Below are entries; repeat exactly, and nothing else, the lines from the one holding "Wallpaper Corinthians Campeão" through the one holding "Lynx Lake Arizona", inclusive. Leave the pictures out.
═════ Material for the task ═════
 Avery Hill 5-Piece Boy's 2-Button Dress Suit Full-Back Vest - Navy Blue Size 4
═════
═════ Material for the task ═════
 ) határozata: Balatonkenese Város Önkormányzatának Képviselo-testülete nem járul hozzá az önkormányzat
═════
═════ Material for the task ═════
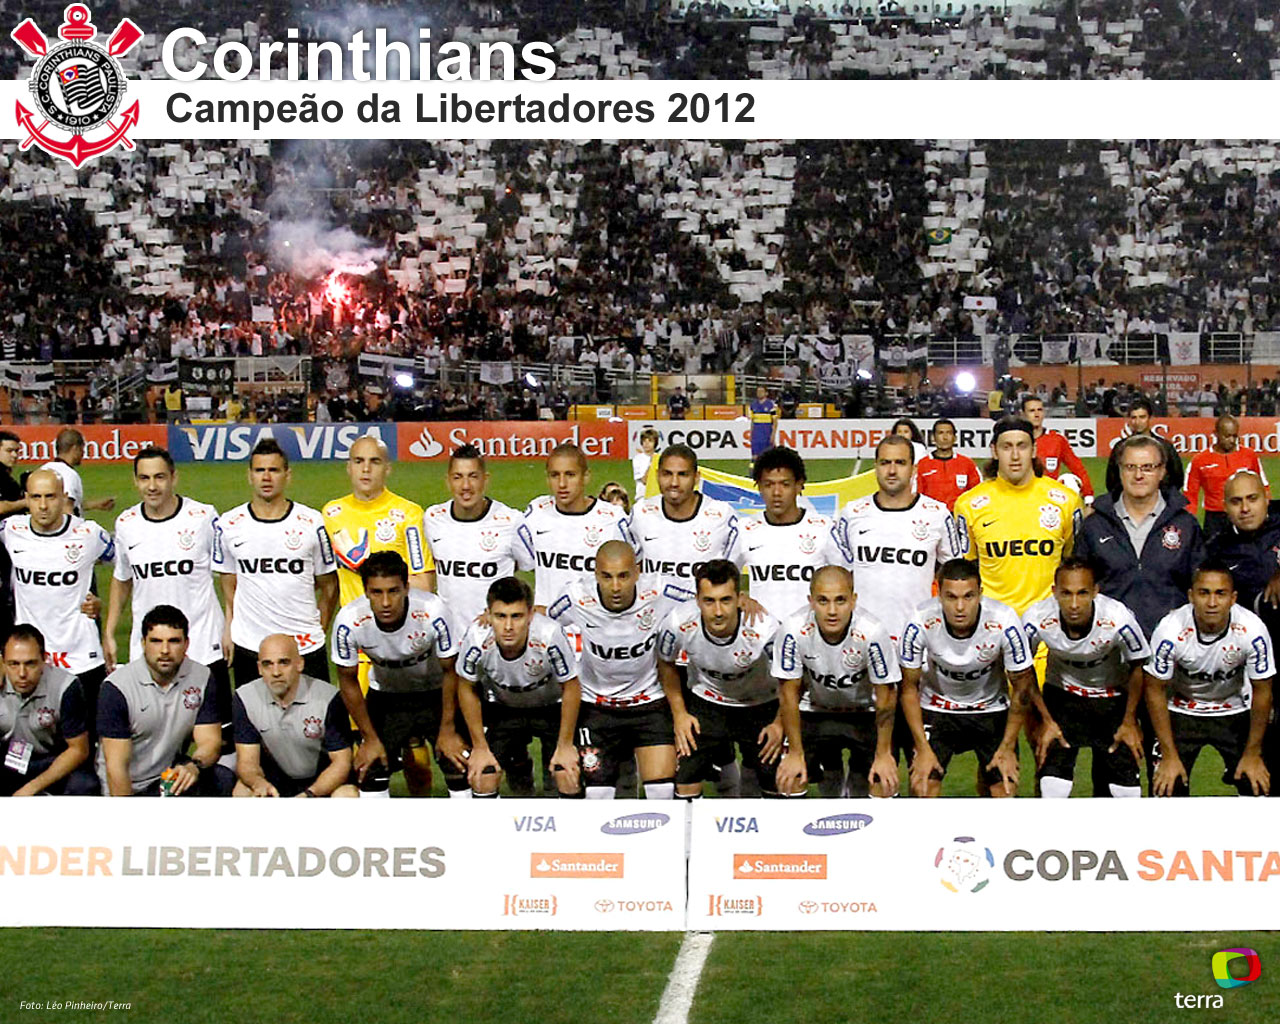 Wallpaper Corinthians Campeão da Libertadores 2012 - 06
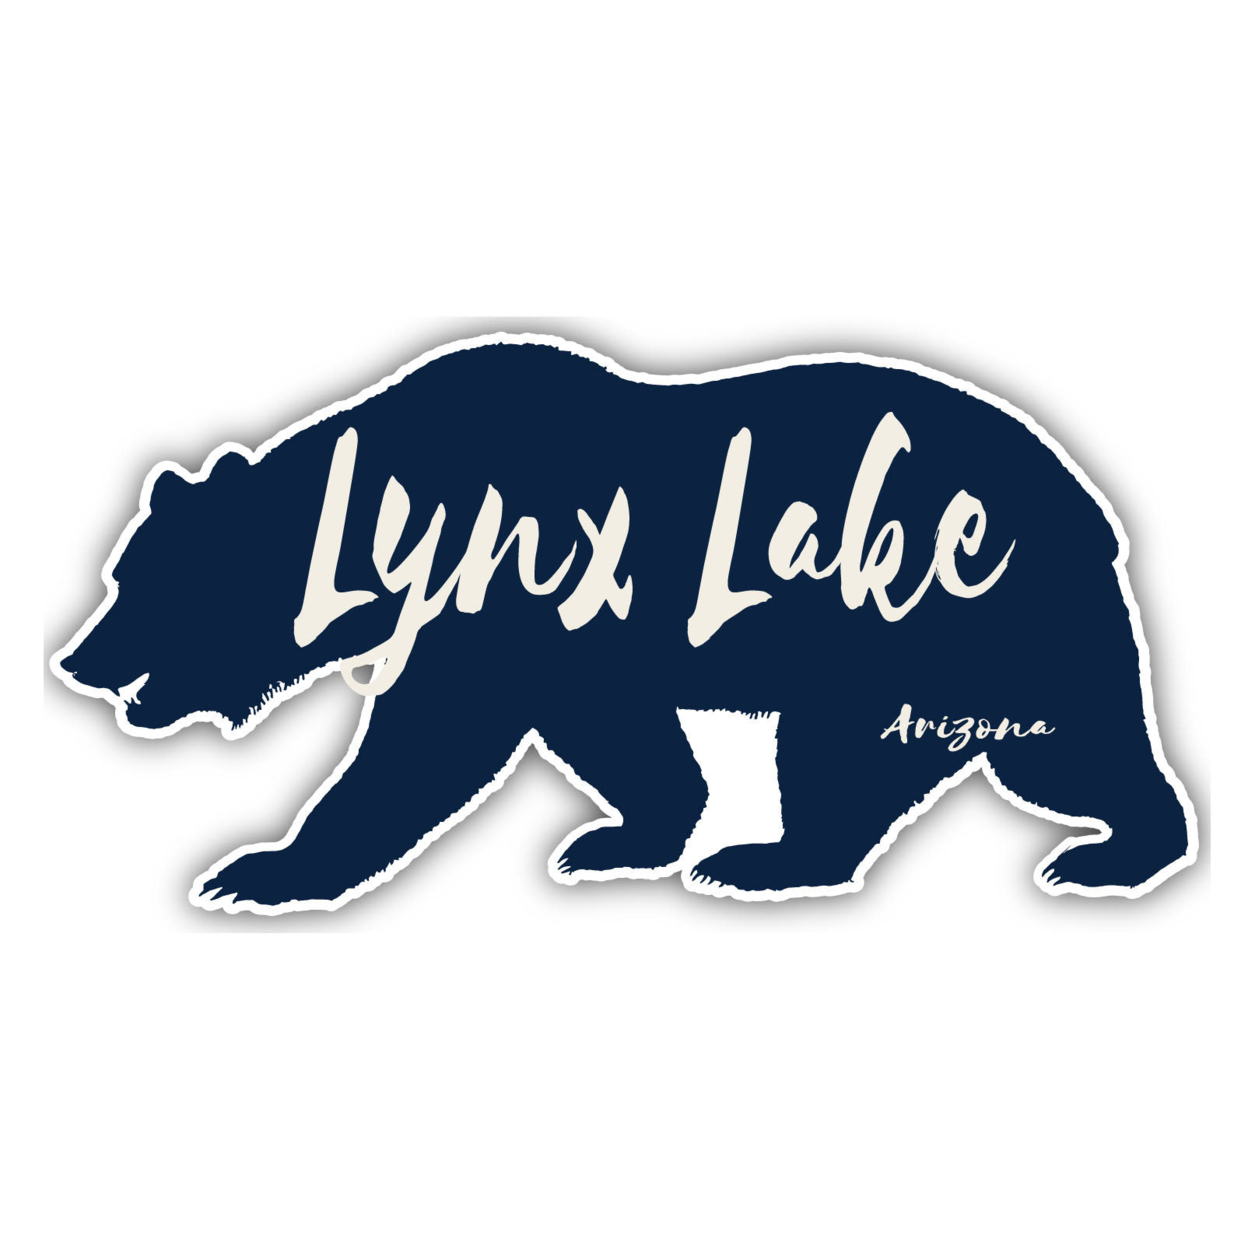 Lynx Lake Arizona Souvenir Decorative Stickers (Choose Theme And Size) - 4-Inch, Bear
═════
> **Response to the exercise**:
 Wallpaper Corinthians Campeão da Libertadores 2012 - 06
 Lynx Lake Arizona Souvenir Decorative Stickers (Choose Theme And Size) - 4-Inch, Bear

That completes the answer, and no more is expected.